Reading and Writing Files in Python (Guide)

In this tutorial, you'll learn about reading and writing files in Python. You'll cover everything from what a file is made up of to which libraries can help you along that way. You'll also take a look at some basic scenarios of file usage as well as some advanced techniques.

Reading and Writing Files in Python (Guide)

Once you’ve opened up a file, you’ll want to read or write to the file. First off, let’s cover reading a file. There are multiple methods that can be called on a file object to help you out:

Method	What It Does
`.read(size=-1)`	This reads from the file based on the number of `size` bytes. If no argument is passed or `None` or `-1` is passed, then the entire file is read.
`.readline(size=-1)`	This reads at most `size` number of characters from the line. This continues to the end of the line and then wraps back around. If no argument is passed or `None` or `-1` is passed, then the entire line (or rest of the line) is read.
`.readlines()`	This reads the remaining lines from the file object and returns them as a list.

Using the same dog_breeds.txt file you used above, let’s go through some examples of how to use these methods.

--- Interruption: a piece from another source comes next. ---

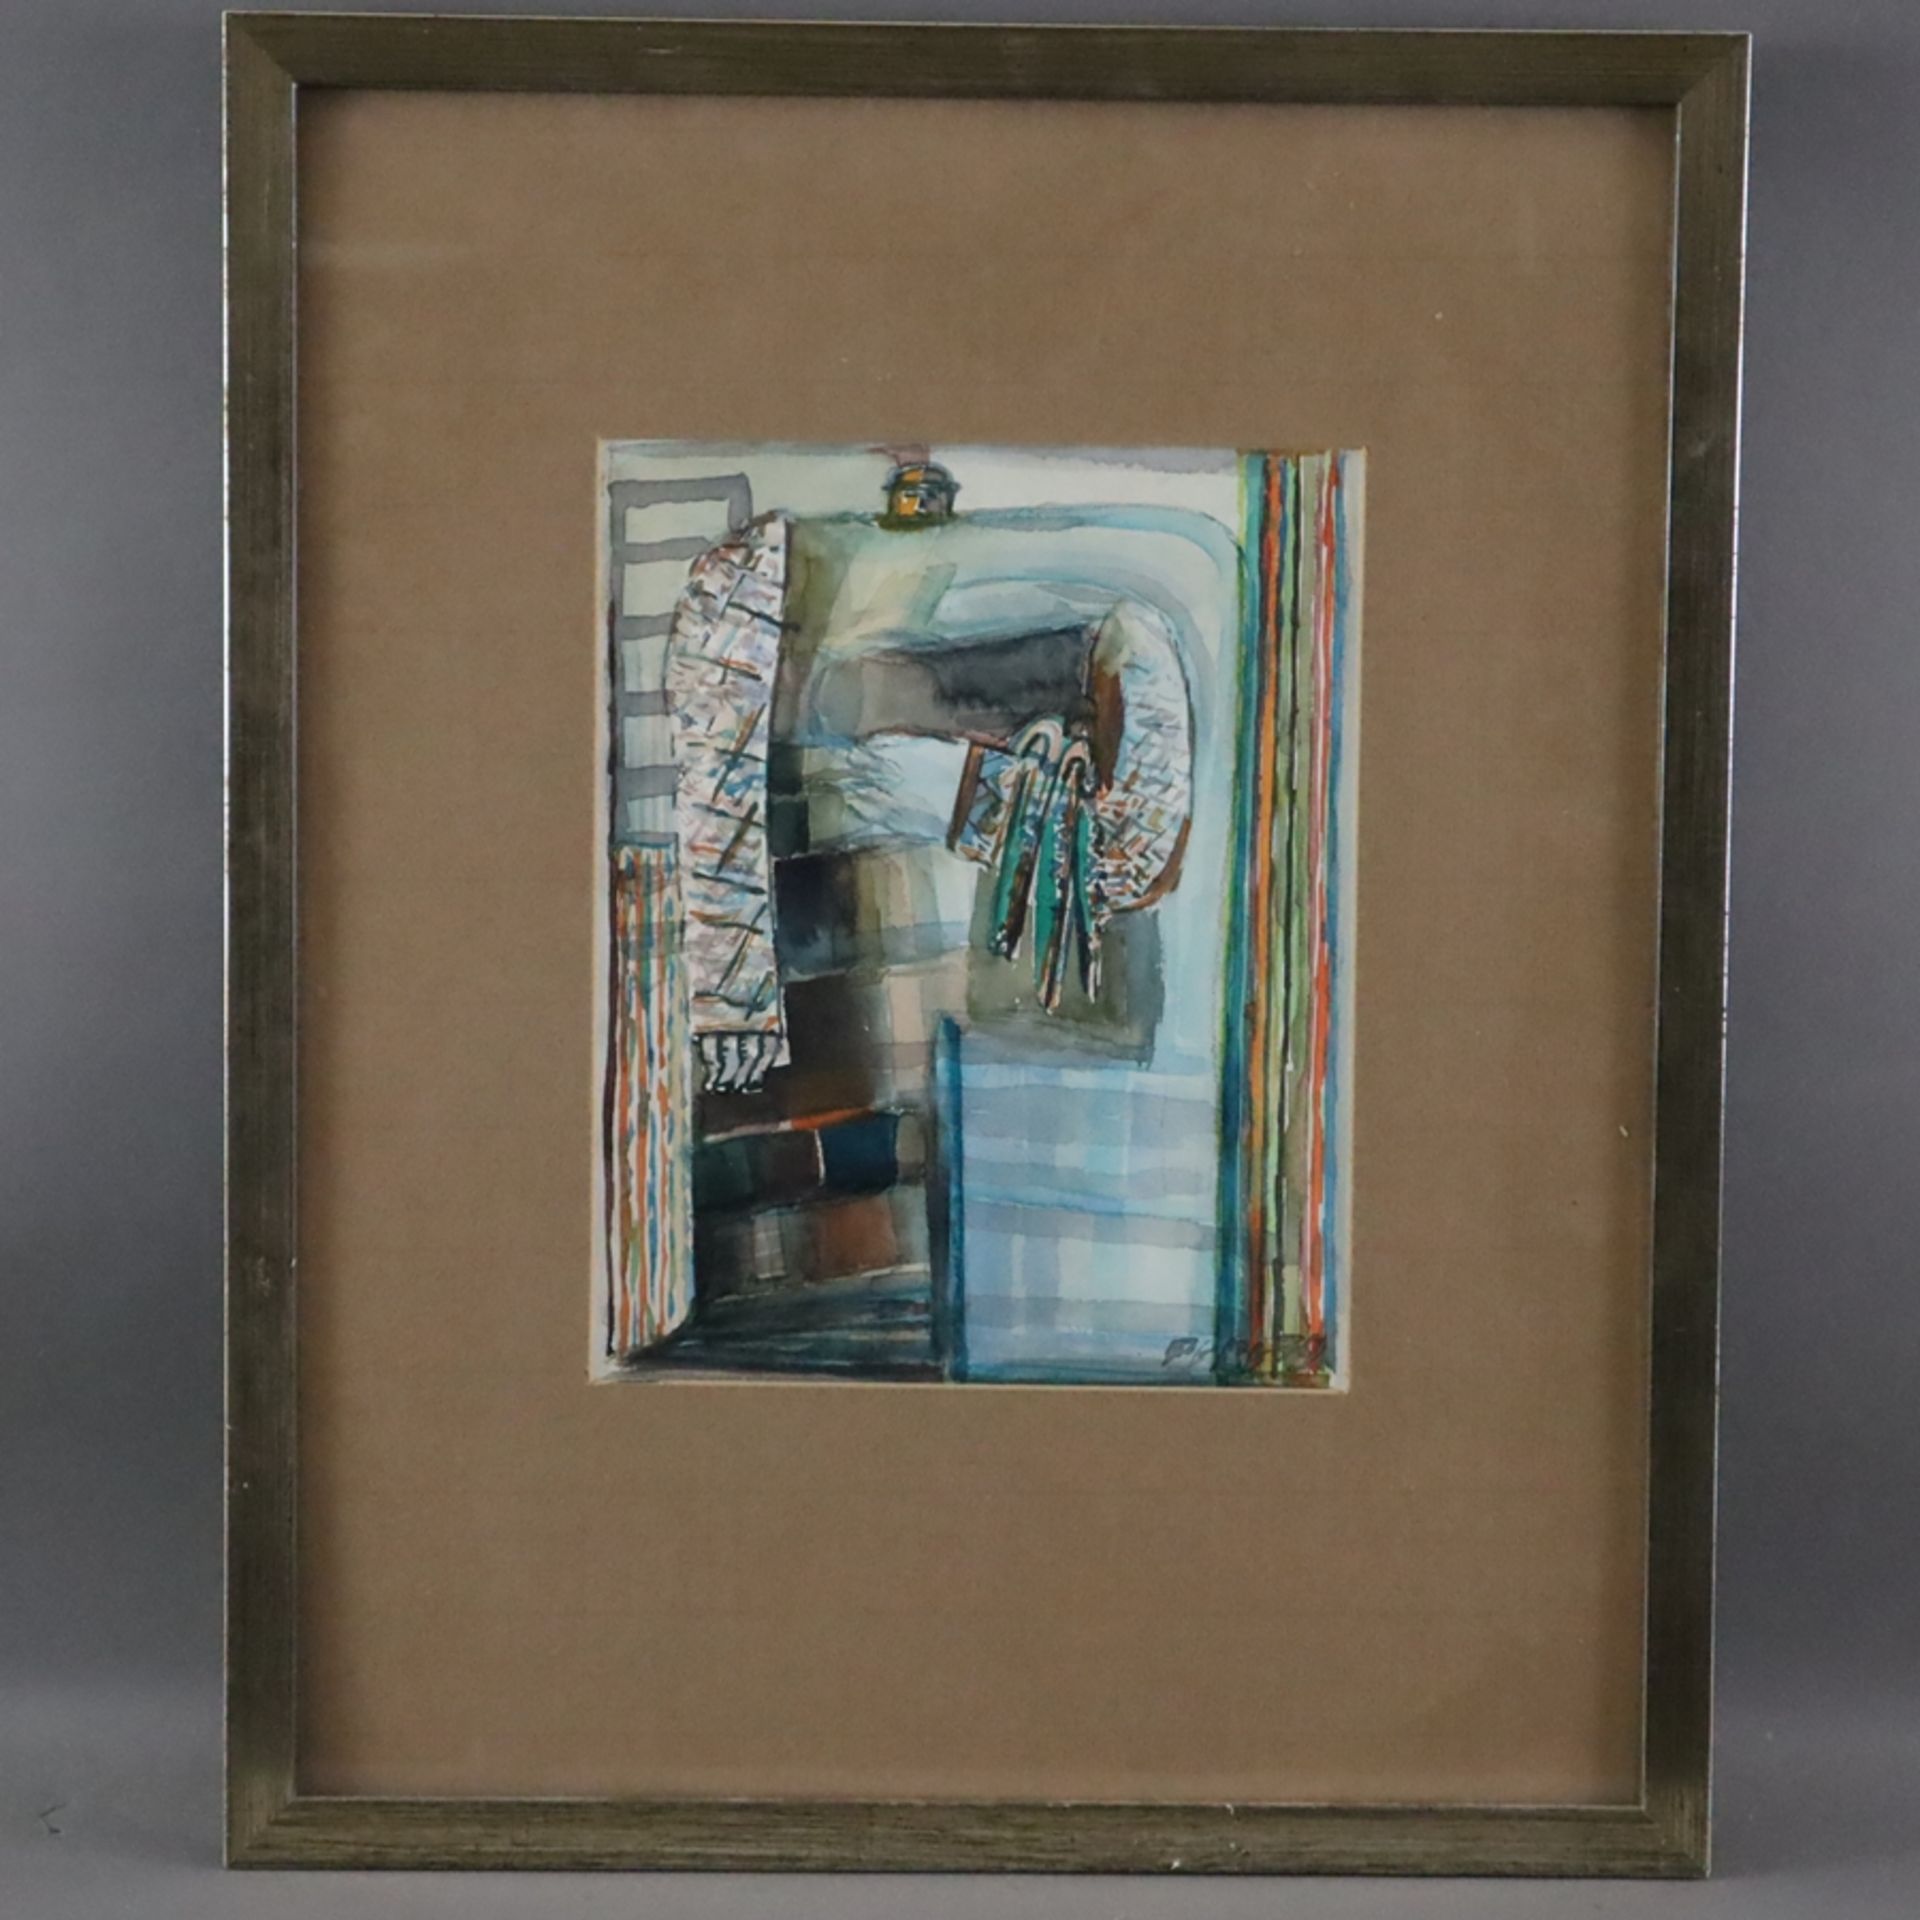 PEBE (Paul Bader, 1928-2019) - Abstrakte Figur, 1979, Aquarell auf Papier, signiert und datiert "PE - Bild 2 aus 7

Here’s an example of how to open and read the entire file using .read():

with open('dog_breeds.txt', 'r') as reader:
    # Read & print the entire file
    print(reader.read())
# 
# Pug
# Jack Russell Terrier
# English Springer Spaniel
# German Shepherd
# Staffordshire Bull Terrier
# Cavalier King Charles Spaniel
# Golden Retriever
# West Highland White Terrier
# Boxer
# Border Terrier

Here’s an example of how to read 5 bytes of a line each time using the Python .readline() method:

with open('dog_breeds.txt', 'r') as reader:
    # Read & print the first 5 characters of the line 5 times
    print(reader.readline(5))
    # Notice that line is greater than the 5 chars and continues
    # down the line, reading 5 chars each time until the end of the
    # line and then "wraps" around
    print(reader.readline(5))
    print(reader.readline(5))
    print(reader.readline(5))
    print(reader.readline(5))
# 
# Pug
# 
# Jack
# Russe
# ll Te
# rrier

Here’s an example of how to read the entire file as a list using the Python .readlines() method:

f = open('dog_breeds.txt')
f.readlines()  # Returns a list object
# 
# ['Pug\n', 'Jack Russell Terrier\n', 'English Springer Spaniel\n', 'German Shepherd\n', 'Staffordshire Bull Terrier\n', 'Cavalier King Charles Spaniel\n', 'Golden Retriever\n', 'West Highland White Terrier\n', 'Boxer\n', 'Border Terrier\n']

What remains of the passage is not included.